В январе 1969 года полиция стреляла в студентов Мадридского университета, протестовавших в связи с «самоубийством» арестованного студента. Университет закрыли, начались массовые облавы; сотни студентов были брошены за решетку, последовал приказ о введении чрезвычайного положения (на три месяца), и, разумеется, удалось «раскрыть международный заговор» против непорочного испанского правительства. Режим выразил свое неудовольствие по поводу сообщения прессы о принятых им репрессивных мерах.
Испанские студенты отнюдь не хранили спокойствия в течение следующих двух лет, и в январе 1972 года вспыхнули сильнейшие волнения в Мадридском университете. Взбешенные власти изгнали из университетского городка тридцать тысяч студентов, двести пятьдесят человек были арестованы, а остальные подвергались избиениям со стороны полиции во время митингов и стычек, не прекращавшихся четыре дня.

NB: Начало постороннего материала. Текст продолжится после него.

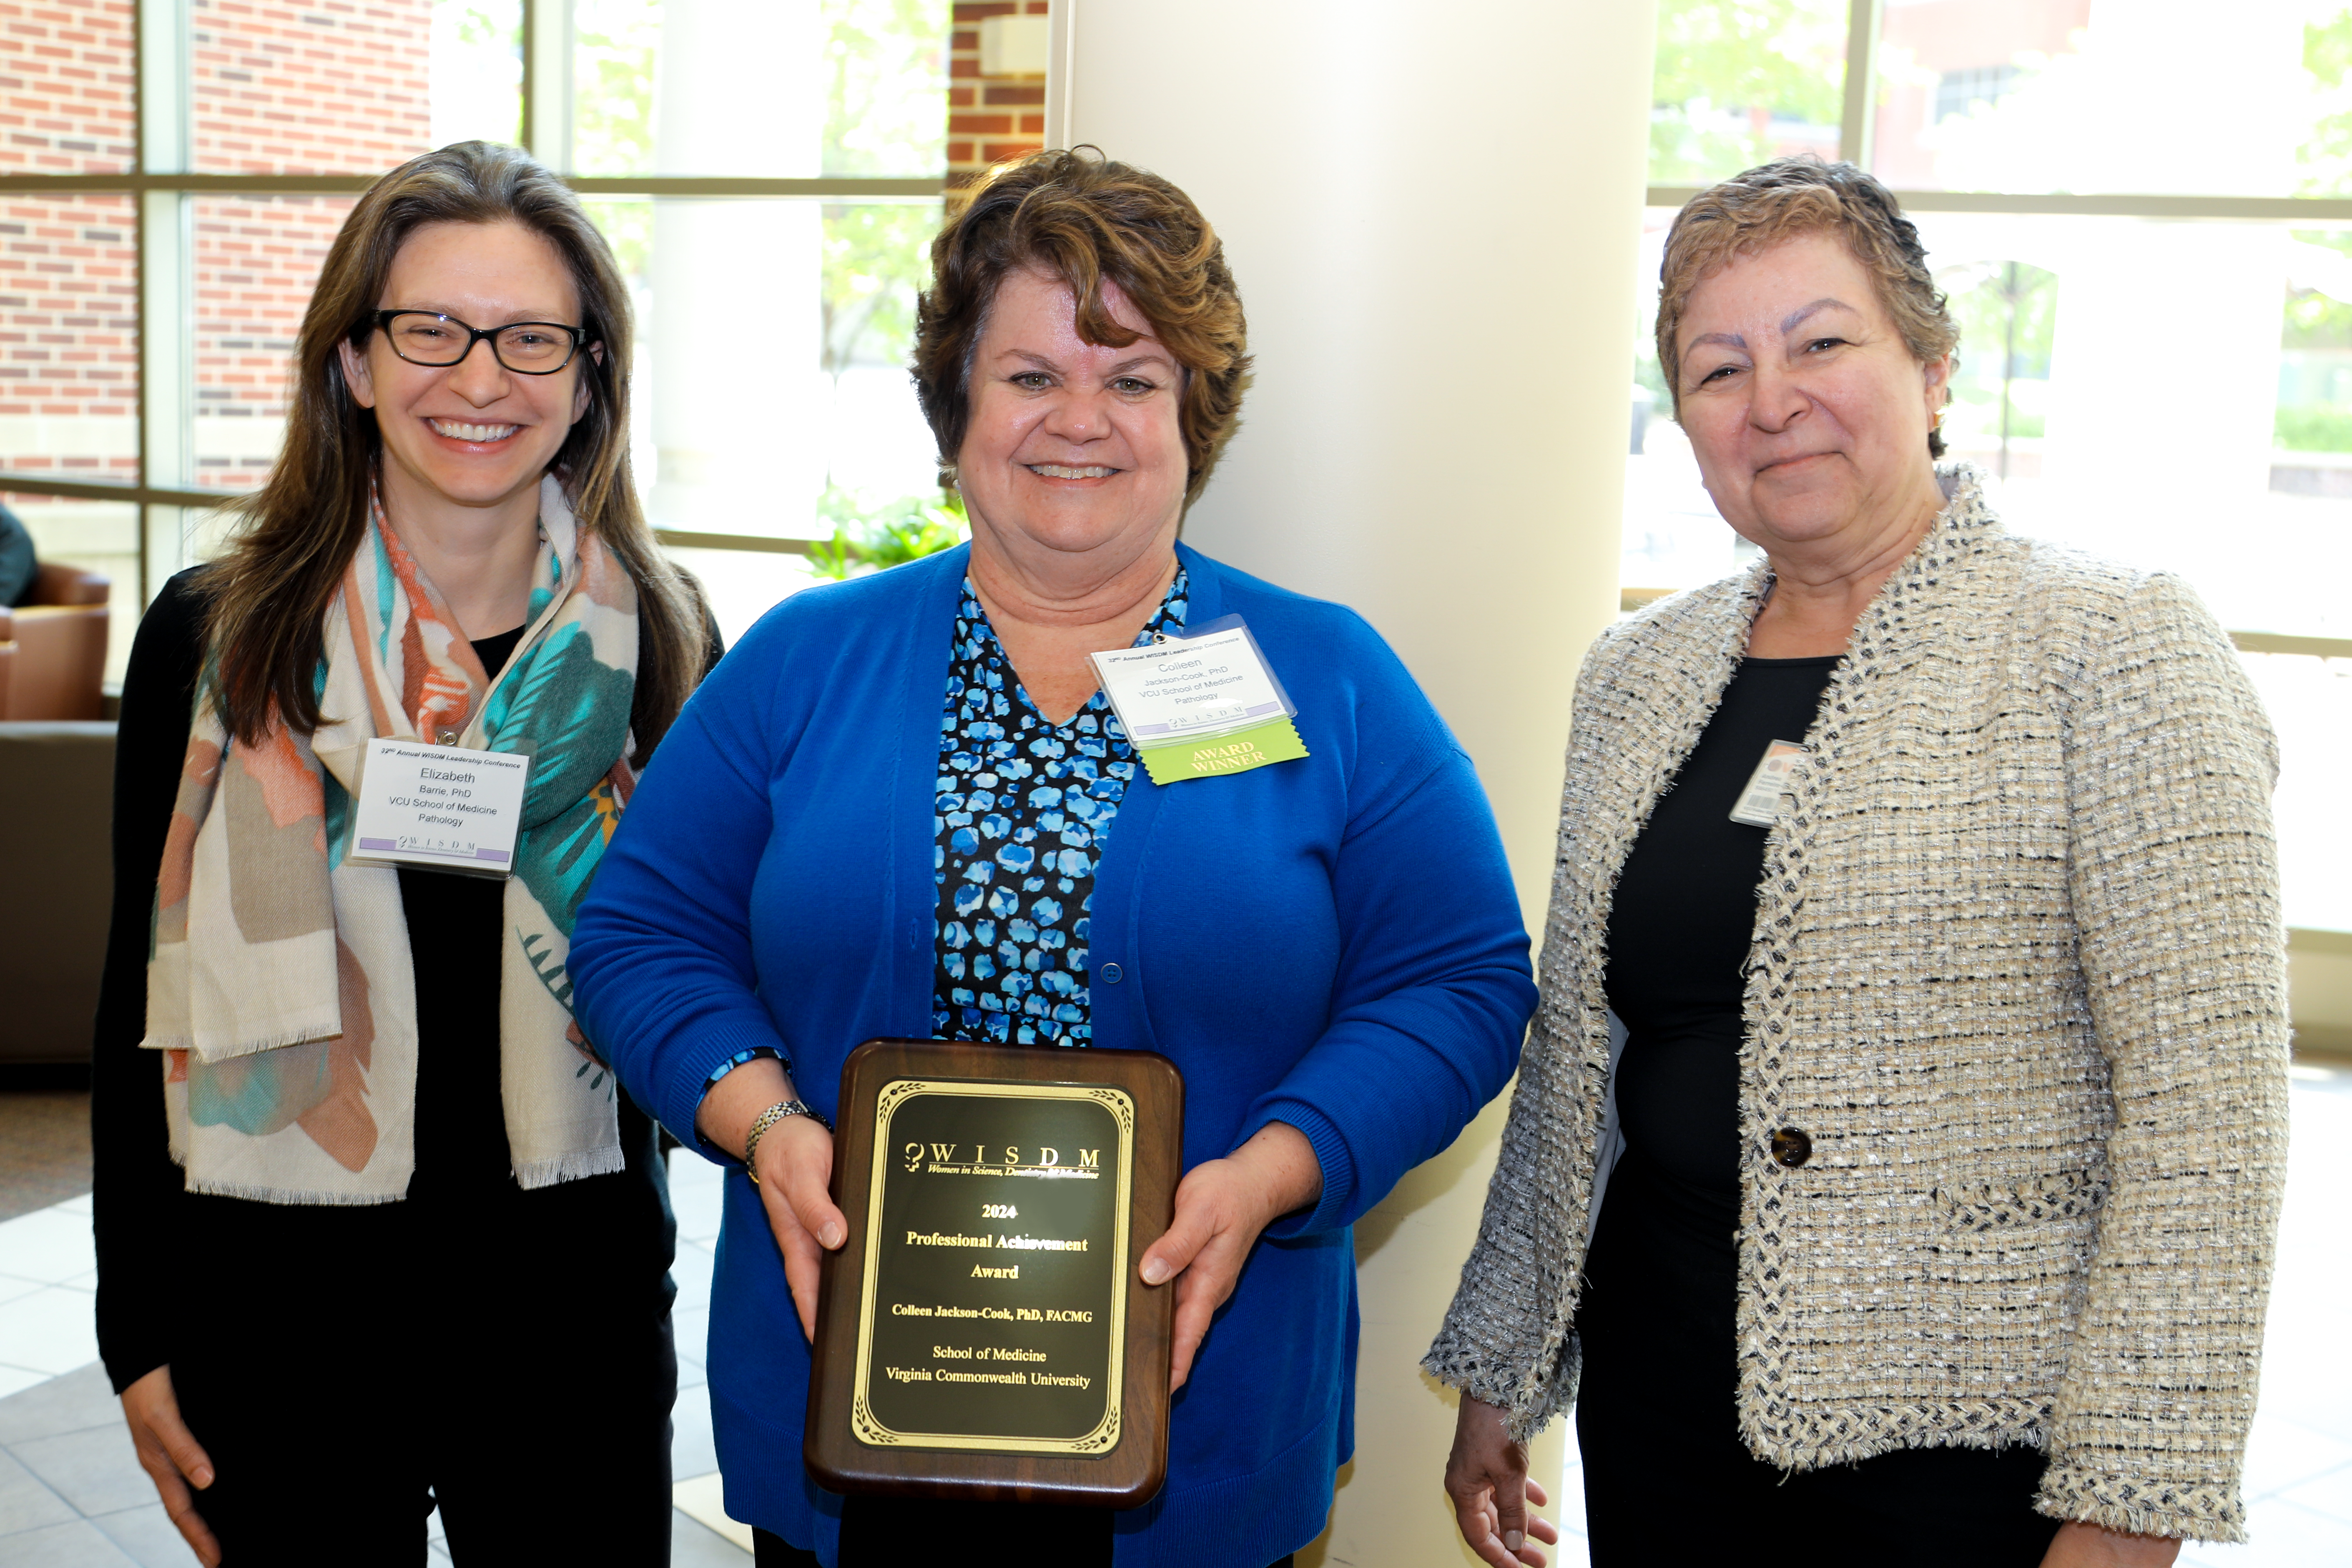 Collen Jackson-Cook, Ph.D. (center) attended the 2024 WISDM awards ceremony with Department of Pathology colleagues Elizabeth Barrie, Ph.D. (left) and Andrea Ferreira-Gonzalez, Ph.D. (right).

Два года спустя, в марте 1974 года, их ненависть к происходящему достигла апогея: студенты Мадрида, Барселоны, Гранады, Сан-Себастьяна, Сарагосы и Бильбао выступили с протестом в связи с казнью двадцатишестилетнего каталонского анархиста Сальвадора Пуига Антиха. Чтобы убить этого опасного молодого человека, режим воскресил орудие казни XIV века — так называемую гарроту. Это железный ошейник с винтом, при вращении которого он затягивается, ломая позвонки и разрывая спинной мозг. Такое вопиющее варварство вызвало бурю возмущения во всем мире, в ответ на что его превосходительство, сеньор дон Паскуаль Виллар Альберто, новый испанский посол в Австралии, счел нужным 19 марта заявить следующее:
— Гаррота более гуманная форма казни, нежели любая другая. Она работает быстро, надежно и бескровно.
4
С тех пор как Наиглавнейший в интервью для «Лондон ньюс кроникл» 29 июля 1936 года обещал «спасти Испанию от марксизма любой ценой», крови в Испании пролилось очень много.

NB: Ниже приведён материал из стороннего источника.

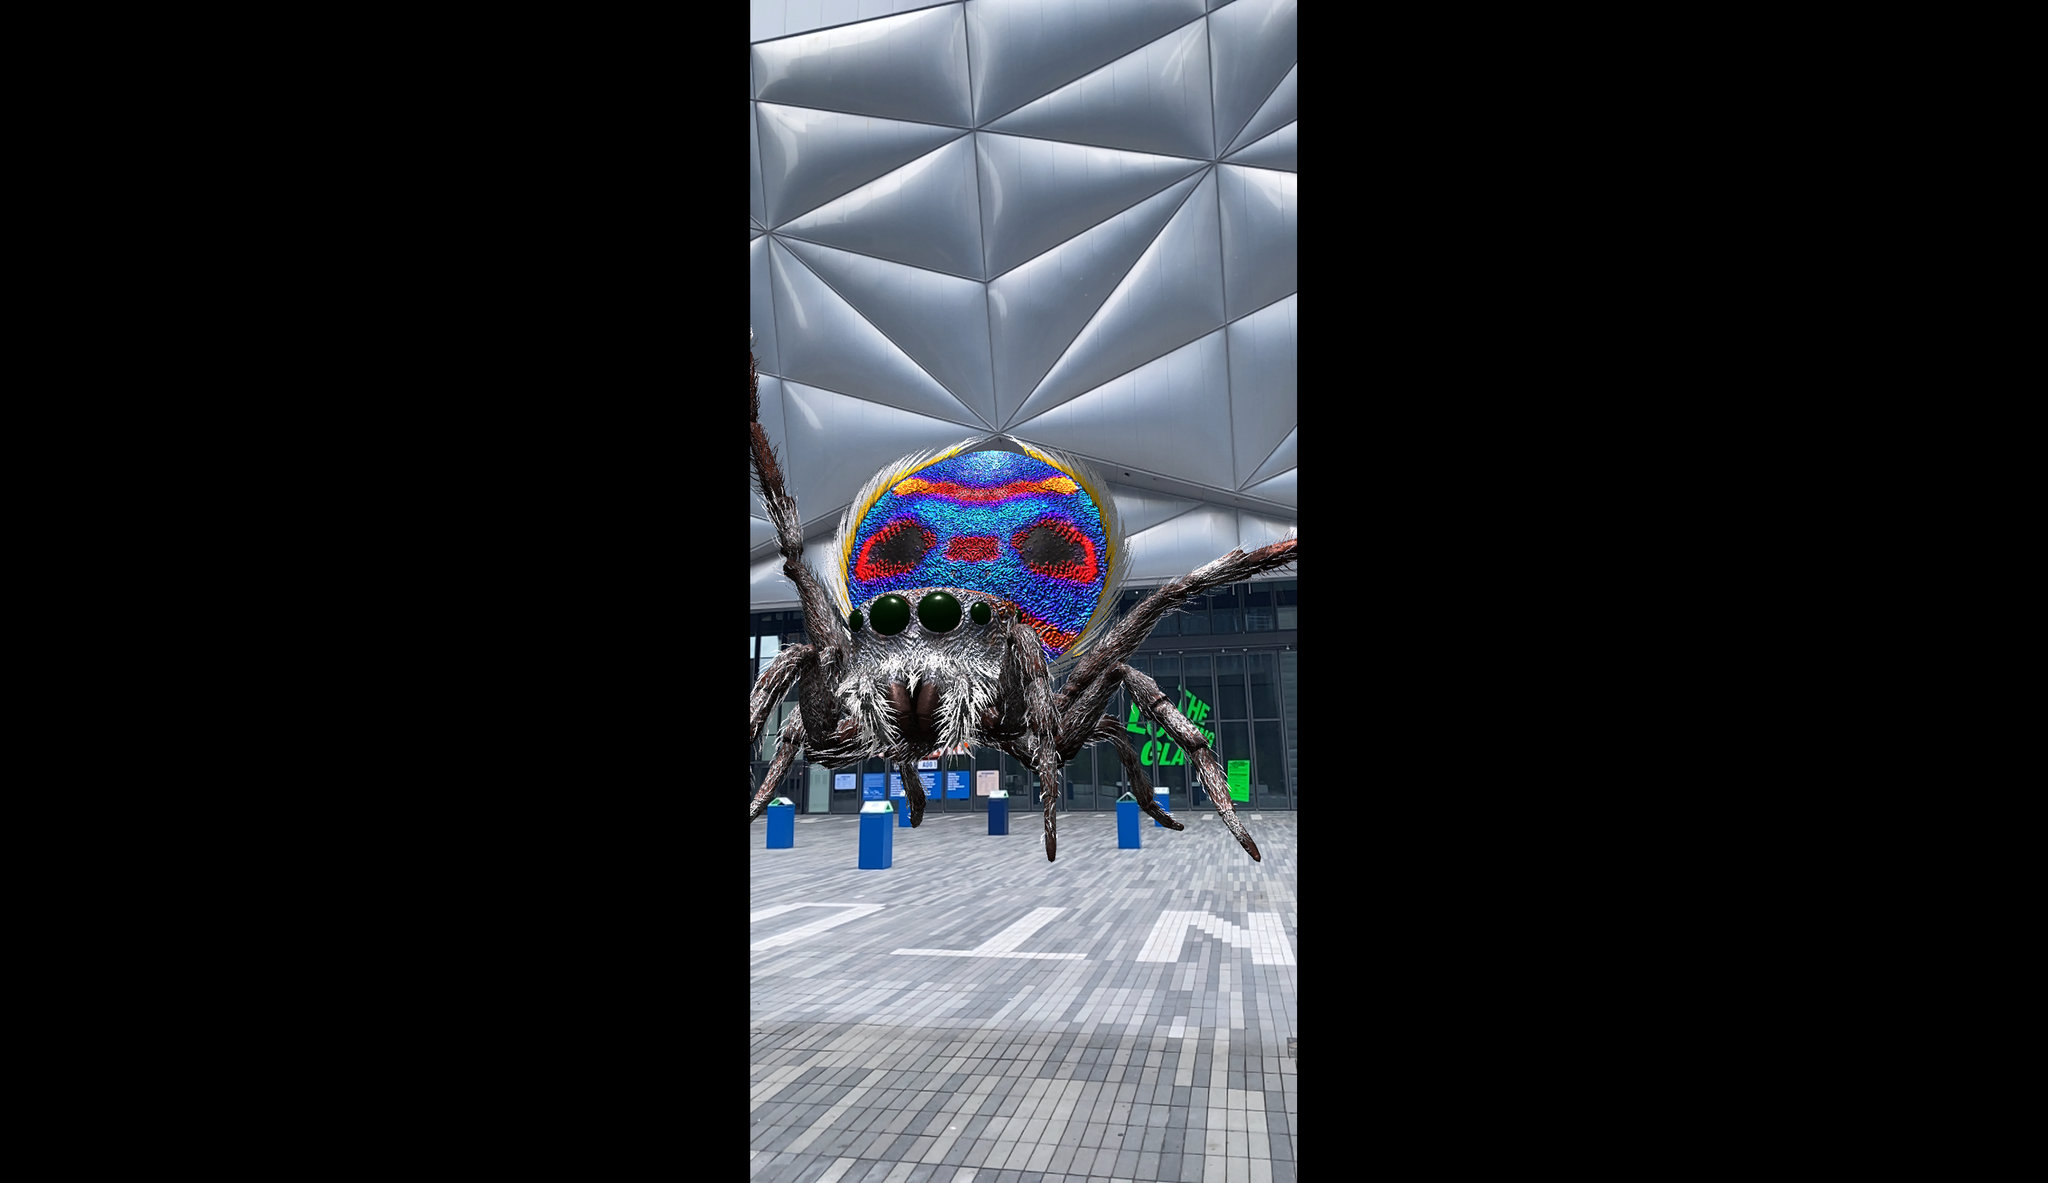 A giant AR spider with a flat purple-and-red-patterned body stands in front of The Shed

На вопрос: «Значит ли это, что вы готовы расстрелять половину Испании?» — был дан ответ: «Повторяю: любой ценой».
Половину Испании он не перестрелял — всего четыреста тысяч человек. Но эта кровь отравила землю и продолжает символизировать вражду между Франко и одним из его бывших главных помощников: испанской католической церковью.

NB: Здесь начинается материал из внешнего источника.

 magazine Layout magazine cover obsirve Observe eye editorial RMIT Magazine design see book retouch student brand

В 1969 году церковь протестовала против чрезвычайного положения, и Франко отменил его, гордо заявив, что его правительство произвело семьсот девятнадцать арестов и «уничтожило» ЭТА — Организацию освобождения басков{[73]}, Объединенную социалистическую партию Каталонии, а также Рабочие комиссии.
В 1970 году влиятельная организация светских католиков и духовенства «Дело господне» стала большой силой в правительстве. Им нравилось наименование «технократы», и они фактически заменили единственную политическую «партию» Франко — фалангу. Одновременно каудильо назначил своего ближайшего помощника, адмирала Луиса Карреро Бланко, вице-президентом.
Но накануне суда над шестнадцатью басками, которым вменялась в вину революционная деятельность, среди церковников произошел раскол относительно того, какую следует занять позицию, поскольку процесс, несомненно, должен был получить международную огласку, Подсудимые содержались в тюрьме уже два года по обвинению в незаконном владении оружием и за убийство Мелитана Мансанаса — ненавистного шефа полиции Сан-Себастьяна. Обвинение требовало смертного приговора для шести подсудимых, а для остальных десяти — тюремного заключения на общий срок в семьсот пятьдесят два года.
Один из обвиняемых был священником, и на суде он гордо признал себя членом тайной баскской партизанской группы.
Произошло бурное столкновение между обвиняемыми и полицией, баски запели народную песню свободы, а публика разразилась аплодисментами и приветственными криками. На суде присутствовали иностранные наблюдатели, и суд отложил вынесение приговора. Вновь было объявлено чрезвычайное положение — власти опасались волнений. И не напрасно.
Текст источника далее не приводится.